In reply to an earlier post on Jun 23, 2011 4:04:00 PM PDT
Last edited by the author on Jun 26, 2011 5:41:57 PM PDT
Wayne Klein says:
Go to: http://www.imdb.com/title/tt0407887/
You'll see that "The Departed" is based on the Hong Kong film "Infernal Affairs" written by Alan Mak and Felix Chong NOT based on Whitey Bulger.
Scorsese may have been inspired by Bulger's history but the film was a remake.
In reply to an earlier post on Oct 3, 2011 12:42:24 PM PDT
Last edited by the author on Oct 3, 2011 12:43:38 PM PDT
Jane, try watching the original Infernal Affairs trilogy with subtitles. Great films otherwise you wouldn't ever get this American remake. The Departed's producers and director loved it...obviously.

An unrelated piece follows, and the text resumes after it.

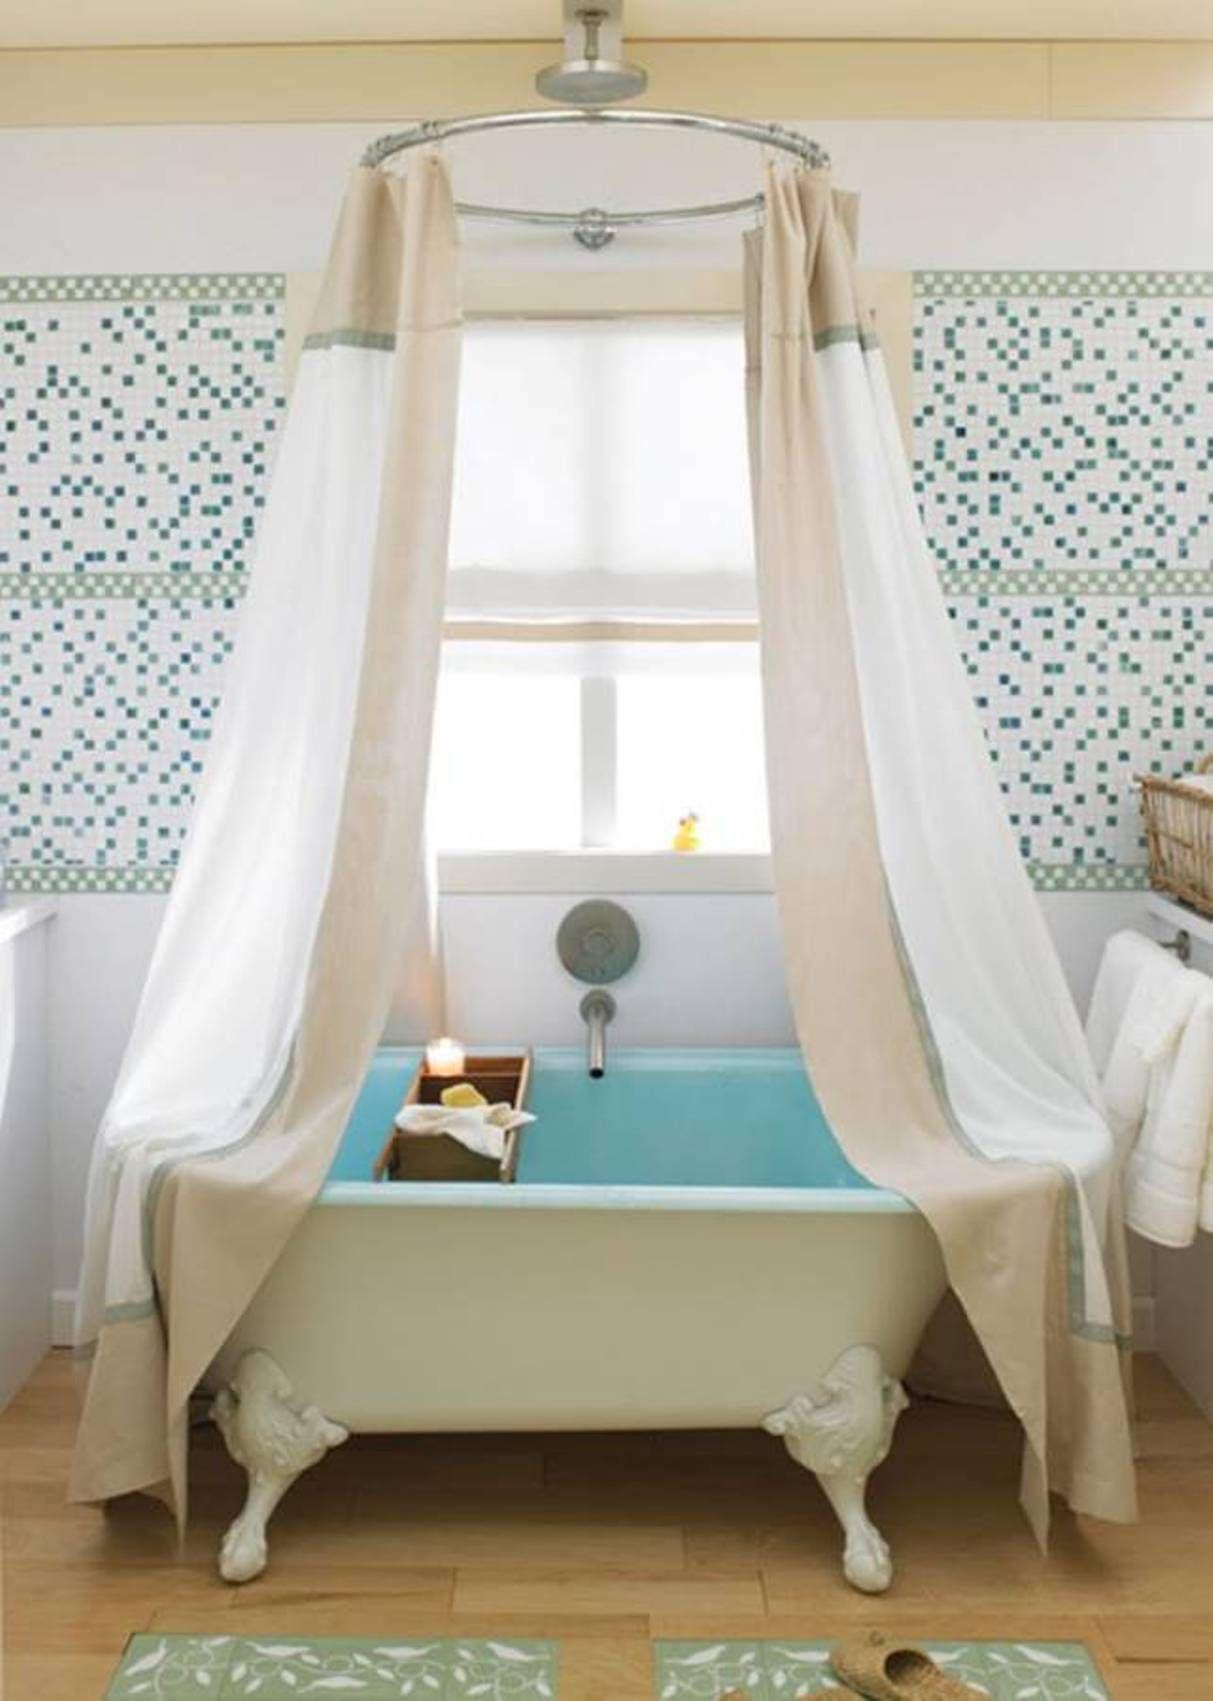 Bathroom , Bathroom Claw Foot Tubs : White Claw Foot Tubs With ...

Posted on Nov 12, 2012 3:33:54 PM PST
the eye 5555 says:
An Extremely powerful Chinese leader has stated this is one of his favorite movies.

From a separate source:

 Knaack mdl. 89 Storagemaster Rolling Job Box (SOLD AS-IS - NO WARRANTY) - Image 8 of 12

Posted on Oct 23, 2013 10:31:44 PM PDT
Yes, the film is a "remake" of the excellent "Infernal Affairs". And Scorcese can thank that film for the fundamental premise. But it is actually a different story around that premise: Costello (Nicholson) is Whitey Bulger, and much of the story (he's a protected FBI informant) is directly out of that factual history, including the ties to Providence, RI (which has no equivalent in "Infernal Affairs").
None of that takes anything away from "Infernal Affiars": it is a different story.